Tic-Tac-Toe AI: How to Make the Tree?
I'm having a huge block trying to understand "trees" while making a Tic-Tac-Toe bot. I understand the concept, but I can't figure out to implement them.
Can someone show me an example of how a tree should be generated for such a case? Or a good tutorial on generating trees? I guess the hard part is generating partial trees. I know how to implement generating a whole tree, 开发者_如何学Pythonbut not parts of it.
Imagine that at any point in a tic-tac-toe board, every single possible move is a branch. The current state of the board is the root. One move is a branch. Now pretend (one at a time), that each branch becomes the current state. Each possible move becomes a new branch. The leaf of the tree is when the last move is made and the board is full.
The reason you need to have a tree, is that once it is built, you need to figure out which branch has the most leaves that are 'WIN' scenarios. You build the branch of all possible outcomes, add up the total number of WINs, and then make the move that has the chance to end up with the most wins.

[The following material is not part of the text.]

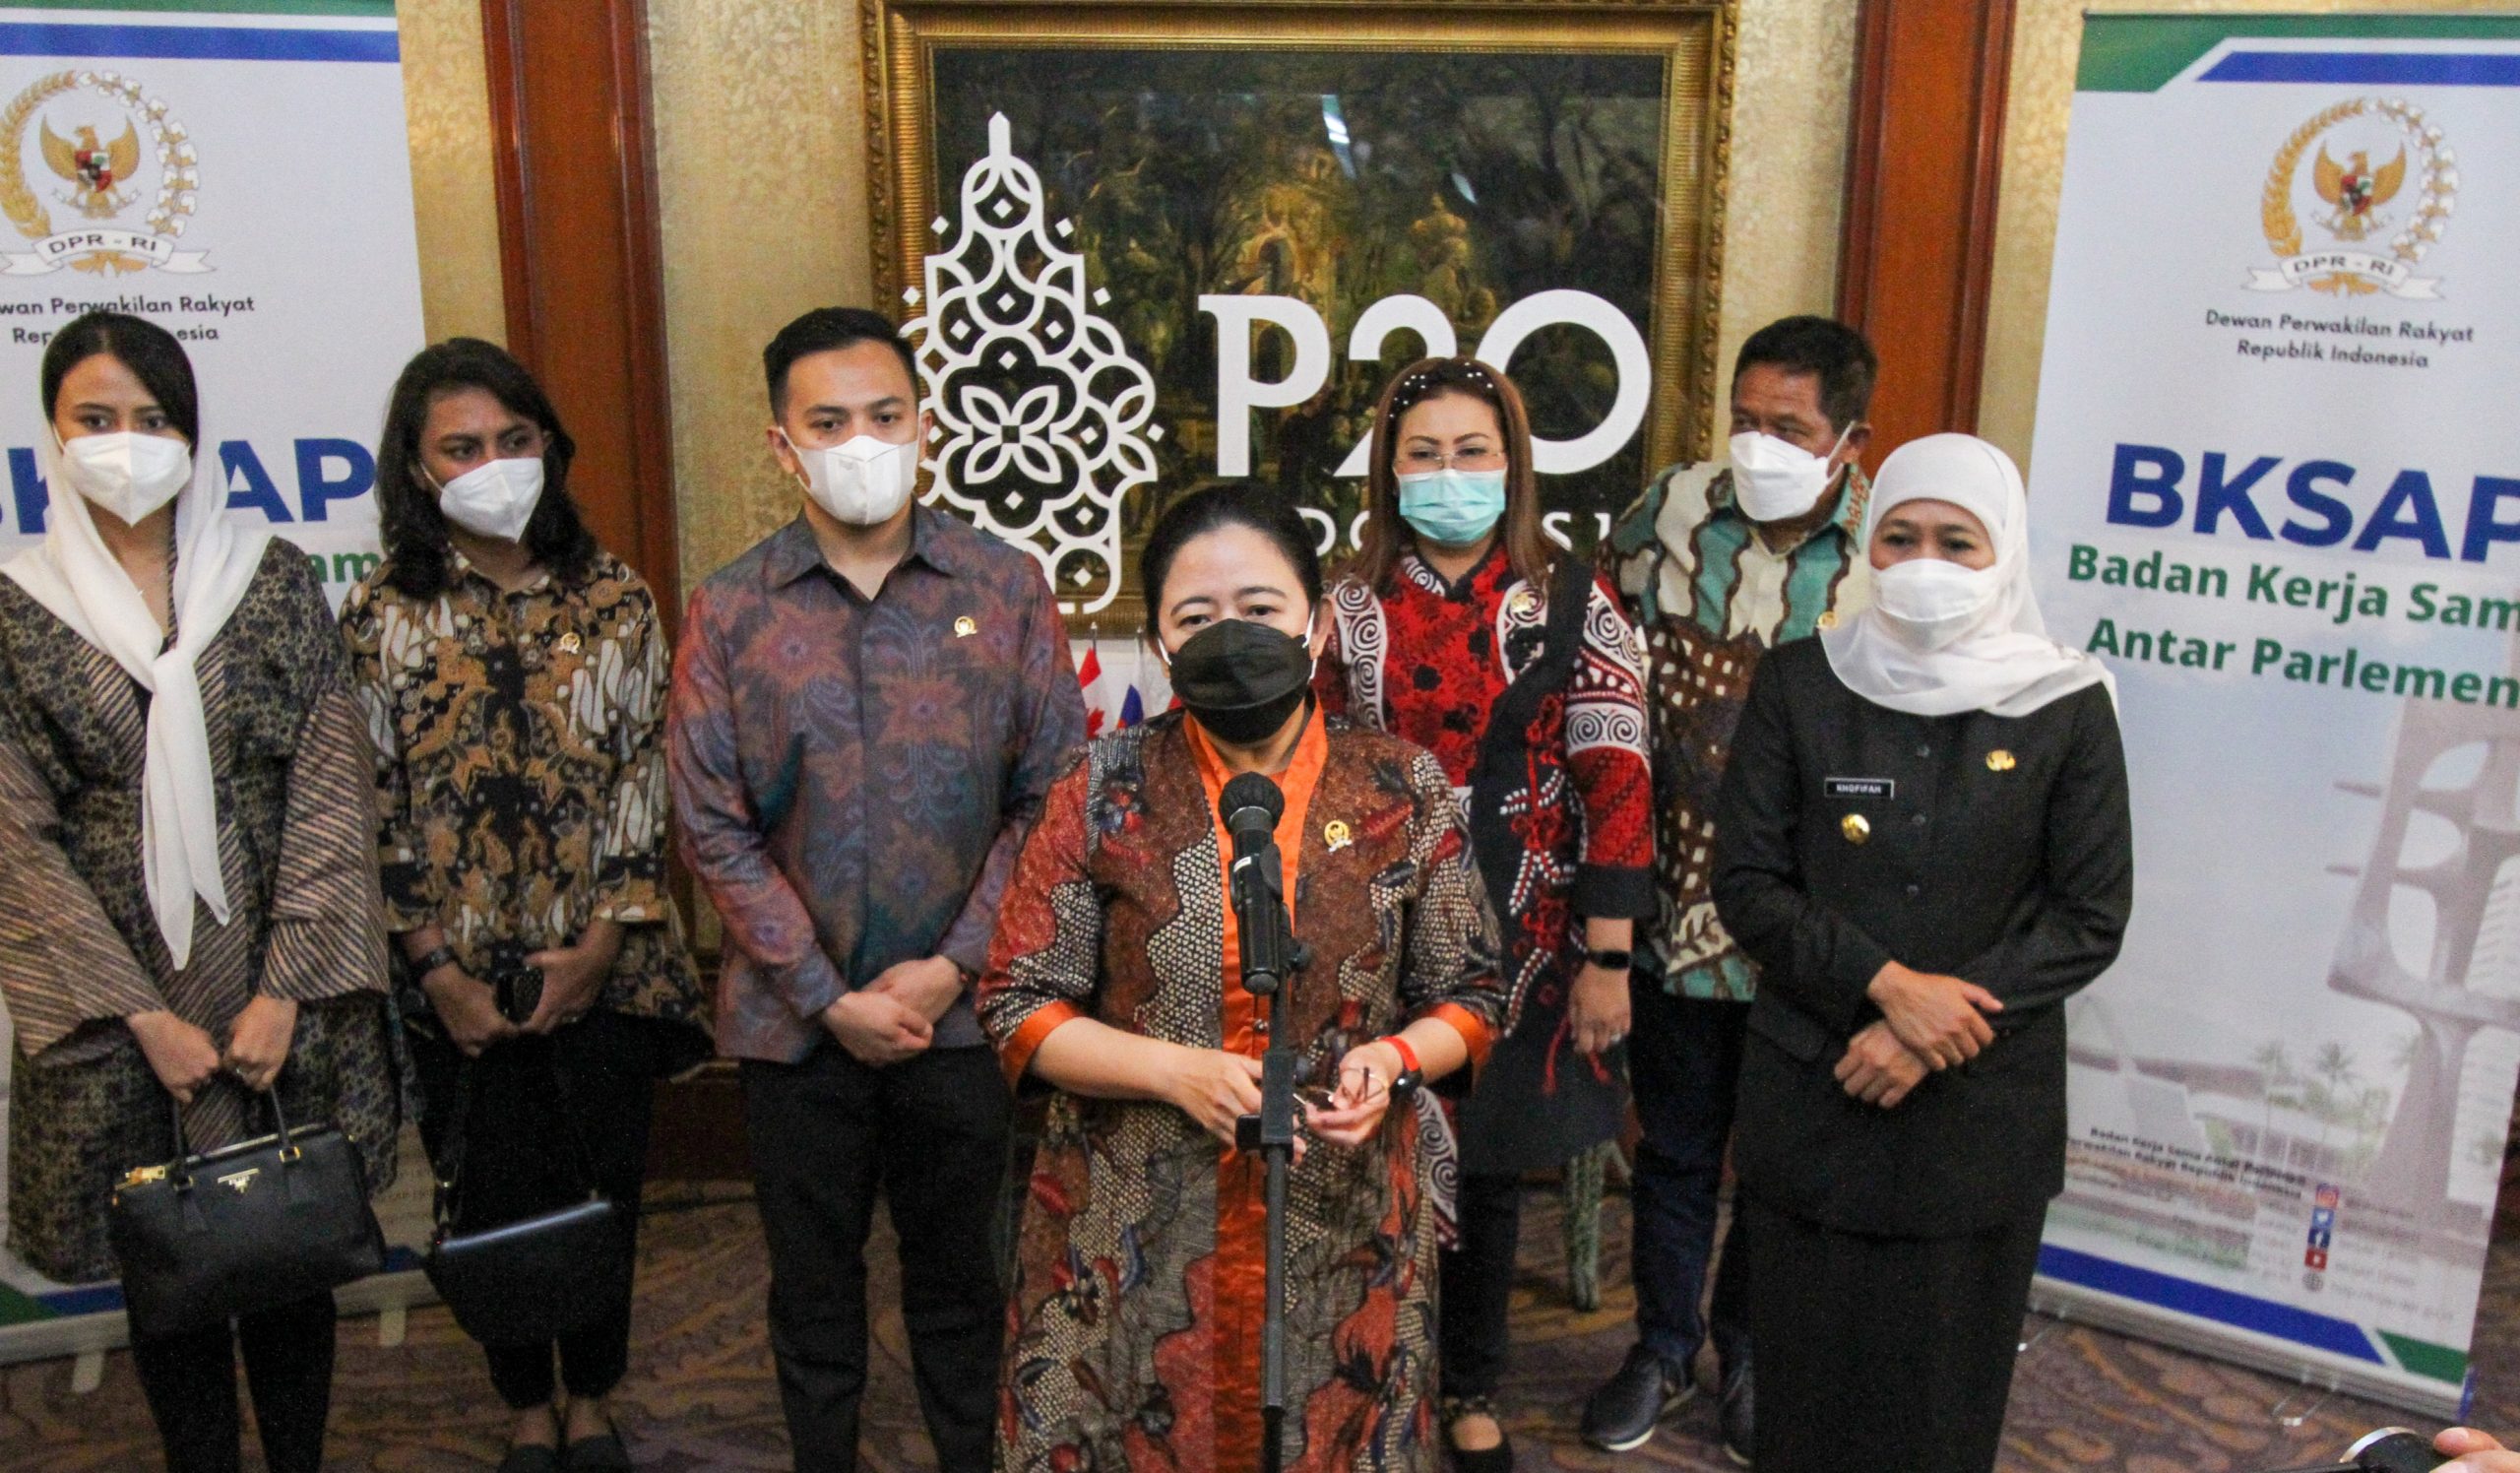 Gubernur Khofifah Bersama Ketua DPR RI Buka Kickoff Meeting P20 di Surabaya

Make the tree something like this:
class Node {
public:
std::list< Node > m_branches;
BoardState m_board;
int m_winCount;
}
std::list< Node > tree;
Now, you iterate through the list of branches in the tree, and for each branch, iterate through its branches. This can be done with a recursive function:
int recursiveTreeWalk( std::list< Node >& partialTree)
{
for each branch in tree
if node has no branches
calculate win 1/0;
else
recursiveTreeWalk( branch );
partialTree.m_winCount = sum of branch wins;
}
// initial call
recursiveTreeWalk( tree )
Very pseudo-code.
I don't think you need to keep a tree in memory. You simply need to implement a recursive function that works something like:
Move getBestMove(Board state, boolean myTurn)
Then you simply recurse until you've reached a winning, losing or draw-state.

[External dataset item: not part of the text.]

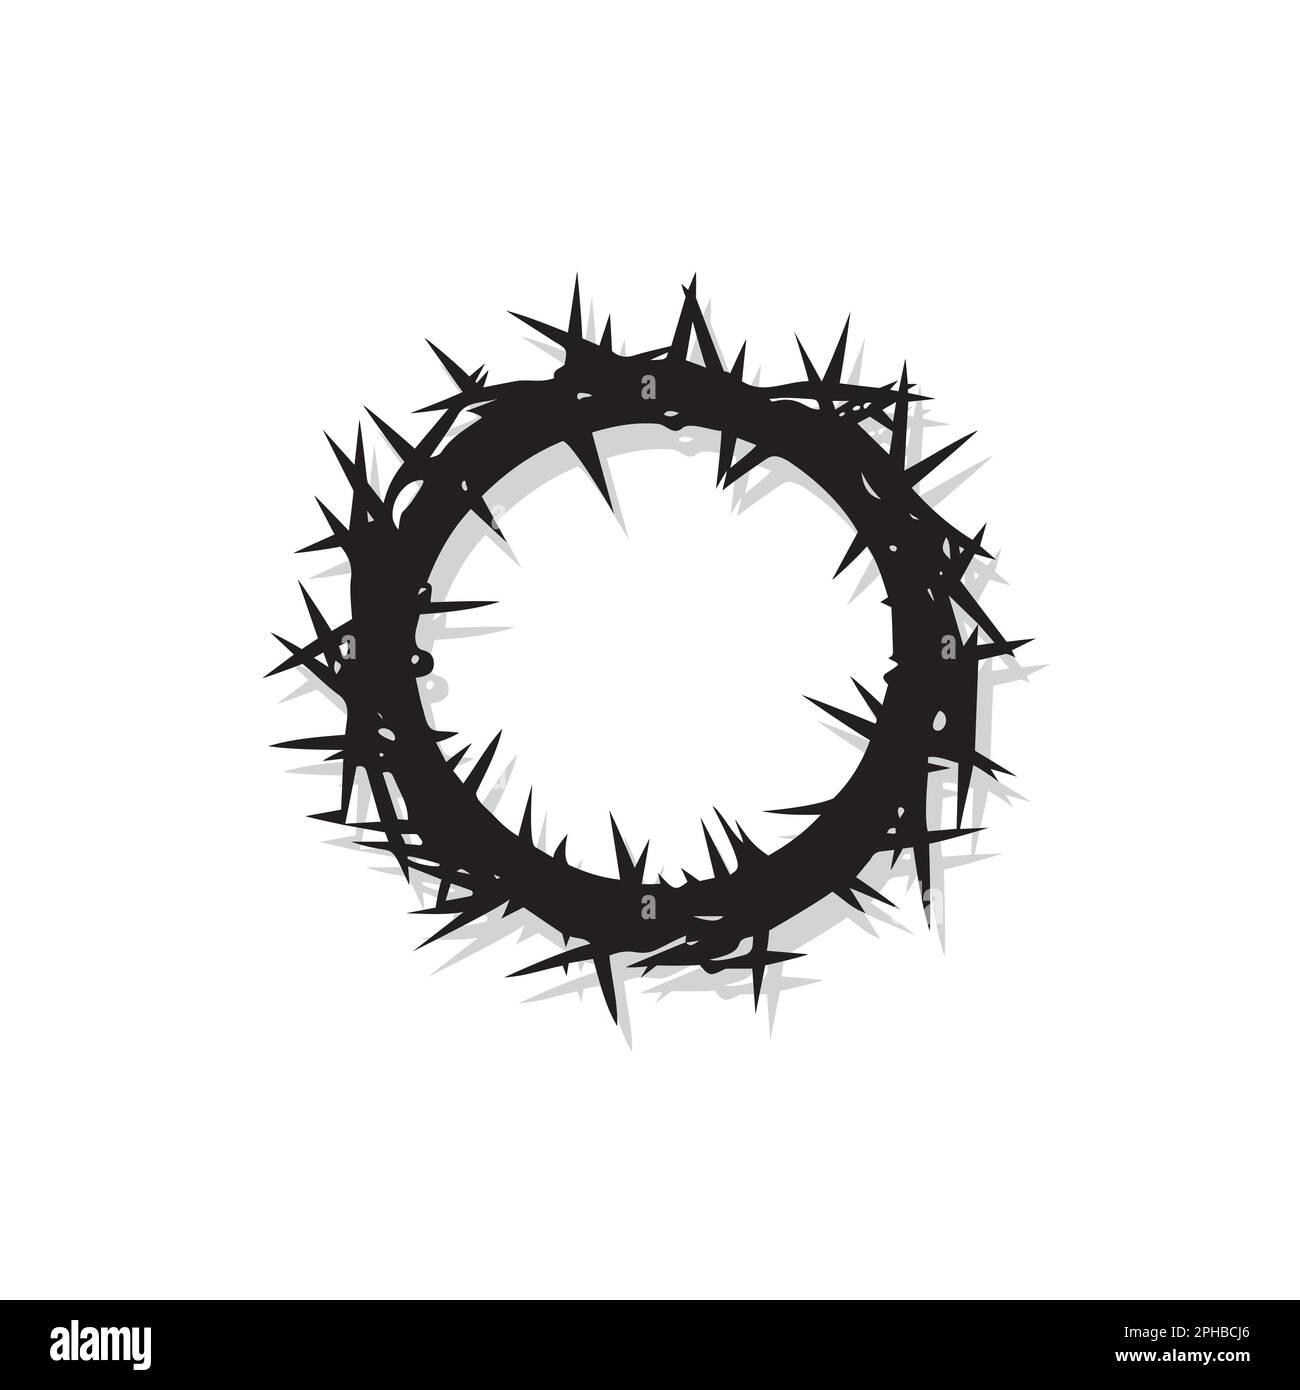 Immagini Stock - Corona Di Spine Su Uno Sfondo Bianco Pasqua Motivo  Religioso Per Commemorare La Resurrezione Di Gesù Di Pasqua. Image 44662644

The call-stack would over time look like a tree if you drew it on paper. You should return the move that leads to a node at which the opponent (definitely / most likely) looses (even though he also plays using getBestMove)
For a state-space as little as tic-tac-toe however, you could simply do a full look-up-table with the best moves! :-)
You might find this codeproject article interesting :
Solve Tic Tac Toe with the MiniMax algorithm
It's in C#, but it won't be any problem to adapt it in C++.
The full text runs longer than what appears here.